С виду гретхен – безобидная белобрысая дамочка. На деле это подлинная акула. Без гретхен фриц не знал бы, что ему делать в Париже, – гретхен его вдохновляла: «Грабь!» Гретхен – это муза разбоя. Фриц, который «организует» колбасу в Краснодаре, посвящает свою добычу гретхен. Когда Гитлер в мюнхенской пивнушке прославляет грабеж и хвастает тем, что немцы обобрали Украину, его устами говорит белокурая, рыхлая и ненасытная гретхен.
Кто знает, что снится какой-нибудь фрау Квачке в Свинемюнде? Письма немок полны самыми неожиданными просьбами. Одна, дура, проживающая в Котбусе, пишет мужу: «Если можно, достань мне платье русской боярыни с бусами, – я видала в „Иллюстрирте“, я его буду носить вместо капота». Другой понадобился «башлык русского казака для нашего малютки». Они требуют птичьего молока, но они ничем не брезгуют, они восхищенно пишут: «Твоя посылочка была перевязана прекрасной веревкой, пожалуйста, всегда теперь перевязывай посылки хорошей русской веревкой».
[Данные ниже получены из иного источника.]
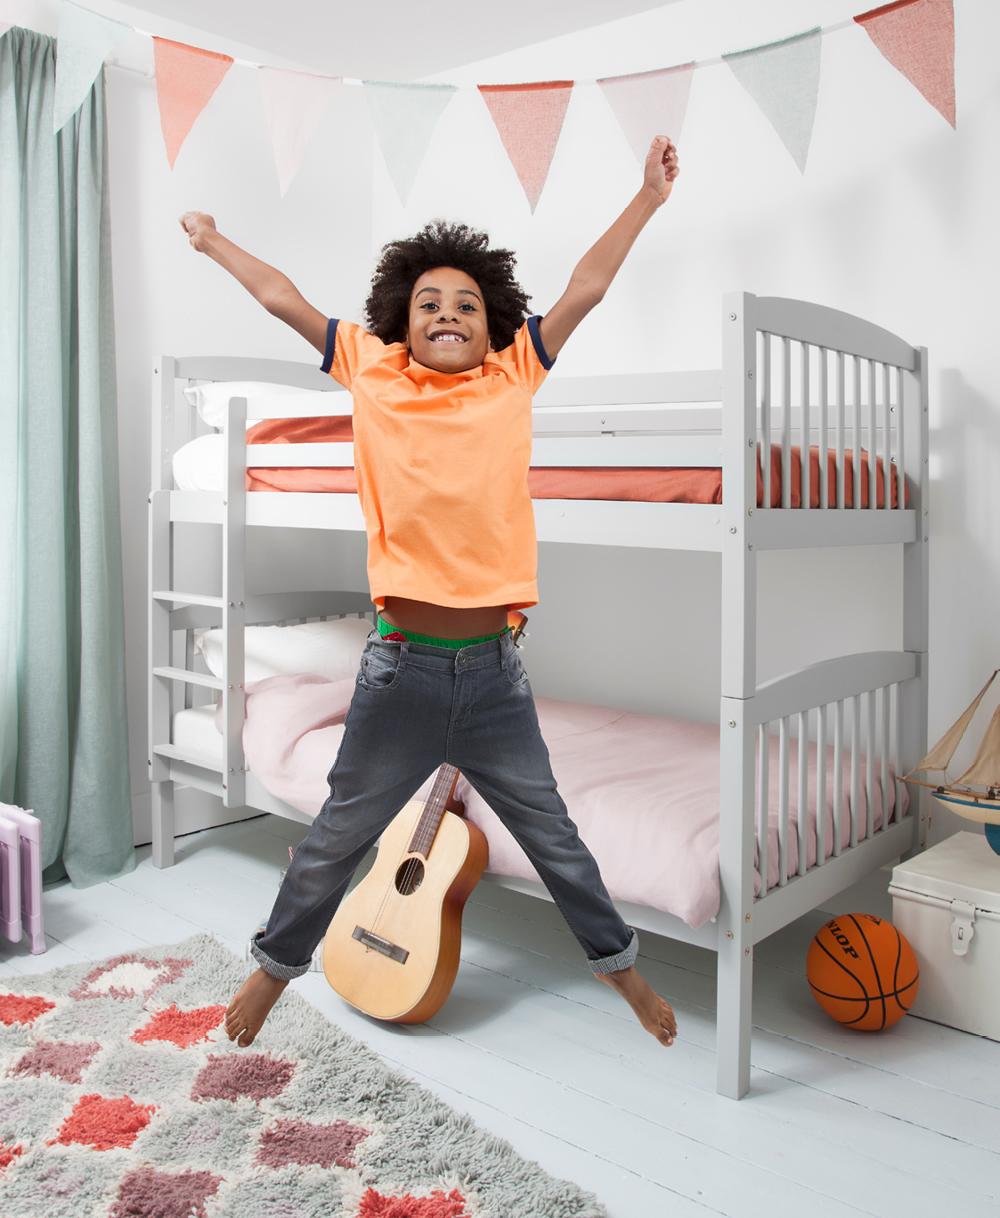 Childrens_Bedroom_Furniture_Photography_6.jpg

Эти голубоглазые мечтательницы обладают сказочным аппетитом. Марта Зиммель пишет жениху: «Шоколад я оставила, для малютки, а сало и мед съела в один присест, даже не заметив». Очаровательная тварь, которая способна, «даже не заметив», сожрать сало с медом!
Фрау Трей наставляет мужа: «Я тоже пережила трудную зиму. Хотя ты пишешь, что у вас тропическая жара, подумай о зиме, обо мне. Поищи для меня что-нибудь шерстяное». Что для такой самки война, кровь, смерть? Ее муж давно убит под Воронежем, а она все еще мечтает о шерстяной кофте. Другая гретхен, фрау Сальпетер, требовала, чтобы муж прислал ей из Сталинграда «изящный купальный костюмчик». Эта особа писала: «Фрау Кученройтер передала мне от тебя большую посылку. Там была резиновая тесьма. Я очень обрадовалась. Хорошо, что ты прислал сахарный песок, можно будет сделать торт. Имей в виду, что мне нужны летние туфли, размер 38. Посылку с серебряным кофейным прибором я получила и спрятала в шкап. Сегодня я надела новое платьице из русского материала и голубенькую соломенную шляпку. Вот перед тобой твоя маленькая женушка, которую ты находил такой прелестной…» Дура – ее муж гниет в русской земле, а она кокетливо пришептывает: платьице, шляпка, женушка. Ведь она еще рассчитывает на «изящный купальный костюмчик».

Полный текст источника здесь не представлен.